Collins was a contemporary and great friend of Charles Dickens, and like him had a gift for creating odd and memorable characters; but unlike him, he also had a gift for making them seem realistic. Mr. Pickwick is an outstanding and memorable character, Sam Weller is an outstanding and memorable character, Nicholas Nickleby is an outstanding and memorable character…but none of them are the least bit likely. Collins’ characters, in this book at least, seem altogether likely.

And thanks to Collins’ plan for the novel, we have the opportunity to see all of them fully rounded. The book is told in the form of a series of narratives, each by a different eyewitness, each of which brings the story forward. Thus, we see each of the major characters through others’ eyes, and often enough through their own eyes as well.
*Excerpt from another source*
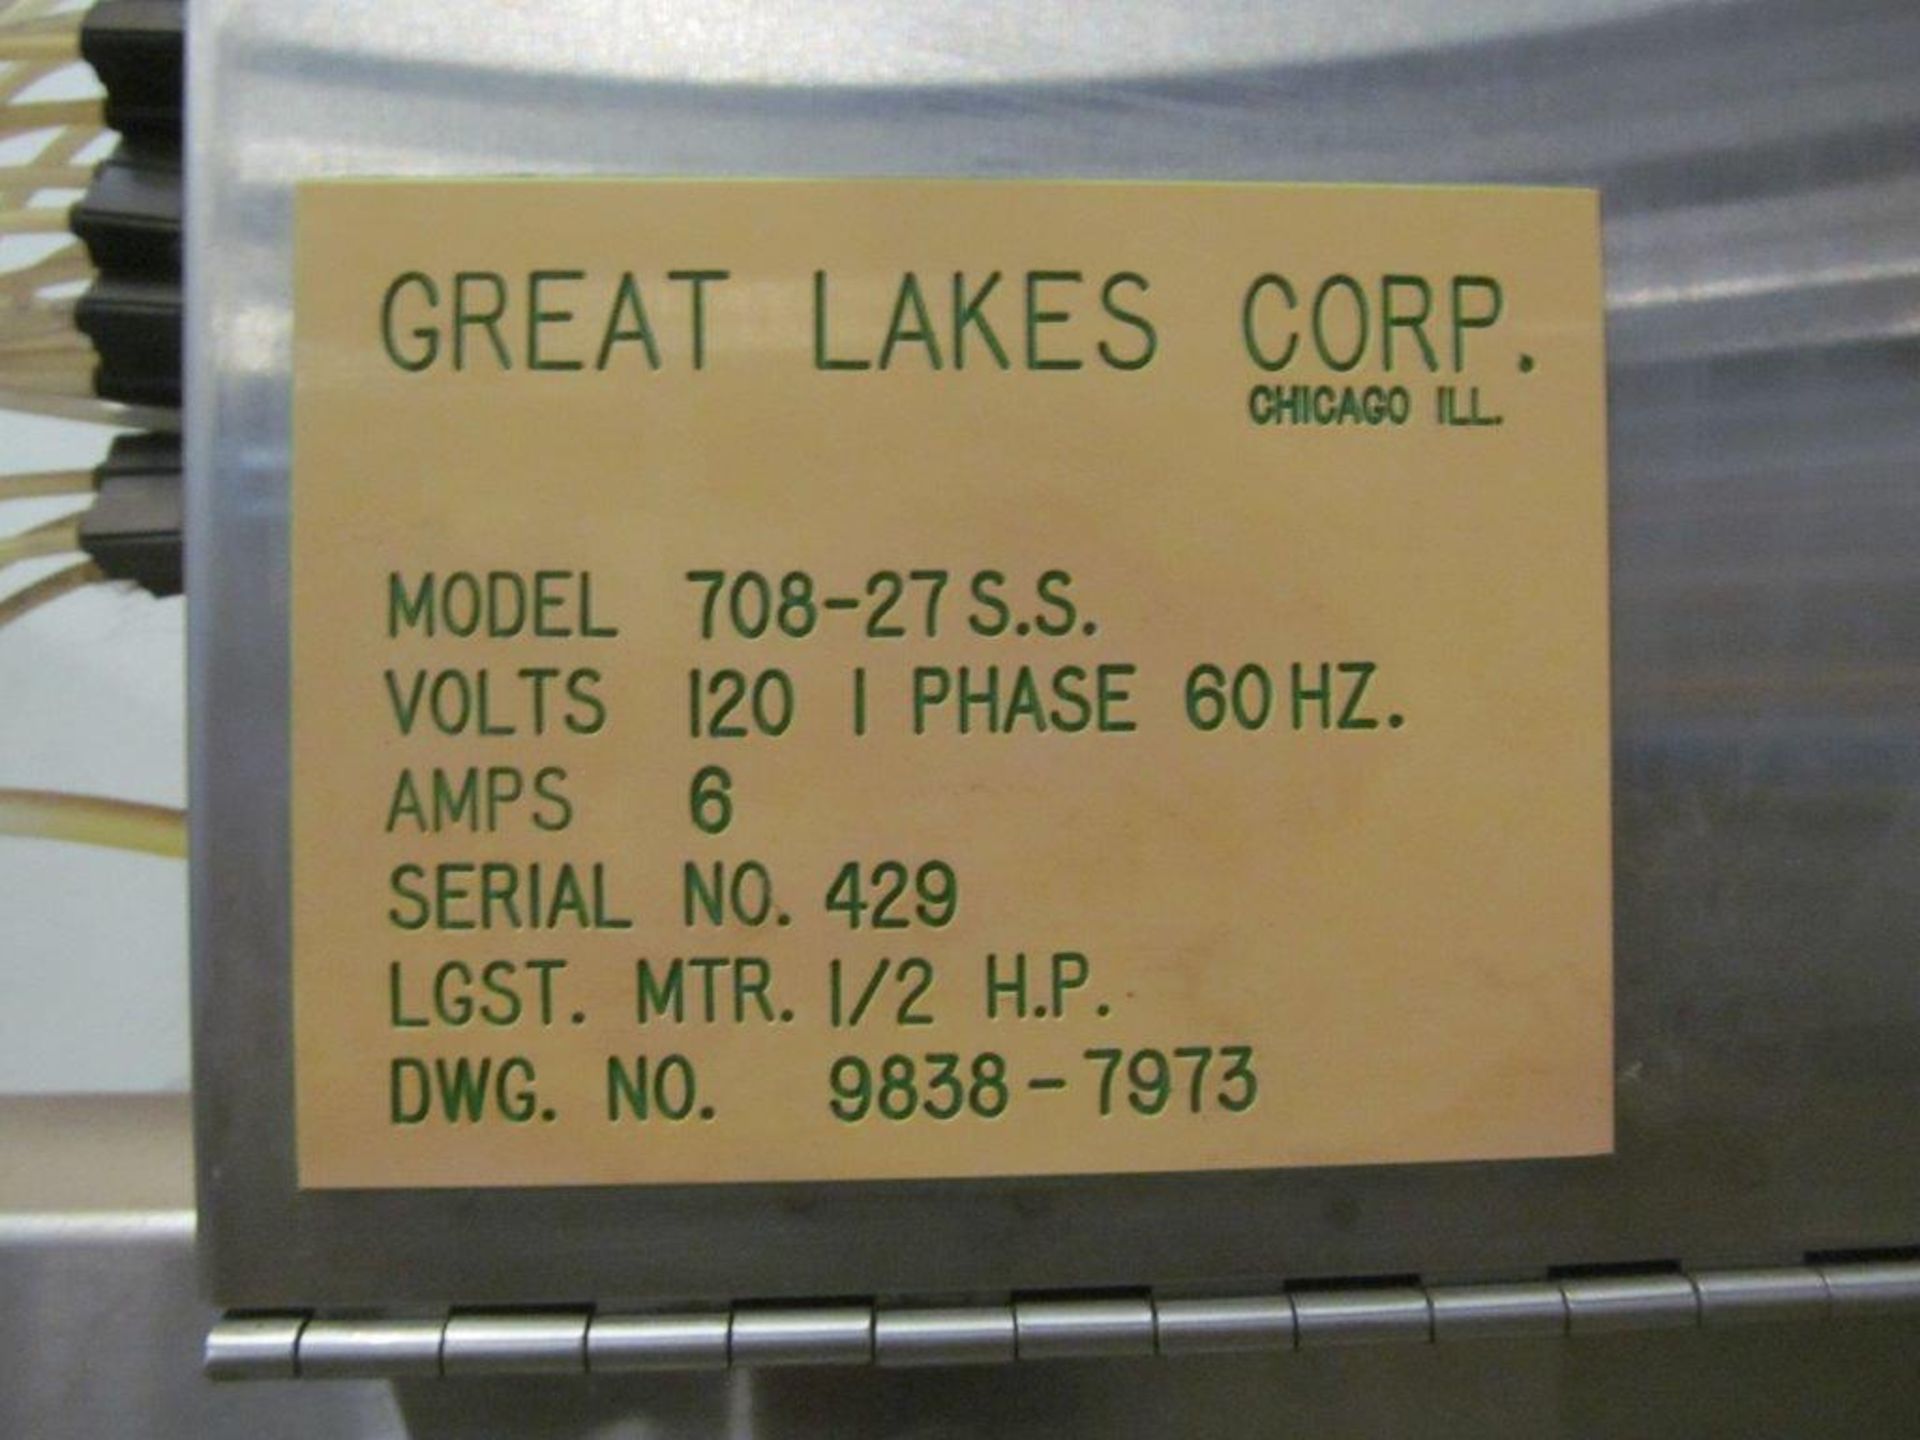 GREAT LAKES CORP. (U.S.A), S/S PLASTIC FOIL AUTO CLAMPER, MODEL 708-27SS, S/N 429, ELECTRICS 120V/ - Image 6 of 6

The difference between the various views of a single character is often striking, and especially when you can compare how they present themselves with how others see them.

My favorite of the characters, and the narrator of the longest segment of the book, is Gabriel Betteredge, an old family retainer of the Verinder family. Devoted to his ladyship and her family, possessed of his own homespun and rather eccentric philosophy, and utterly dependent for his personal stability on his pipe and his worn copy of Robinson Crusoe, he turns out to be an excellent observer of events, a not particularly good judge of individuals, and the one character who is, within, as others see him to be without. I am perfectly delighted to make his acquaintance.

As a detective story, the tale is adequate, if a bit slow paced—not that I minded. I might as well say that the essential point of the plot, the dreadful secret on which the whole plot turns, struck me as being too completely absurd. It would not have seemed so in 1868, however, so I didn’t let it bother me.

Highly recommended. I often find Dickens long-winded, grotesque, and tedious; Collins seems to be just to my taste.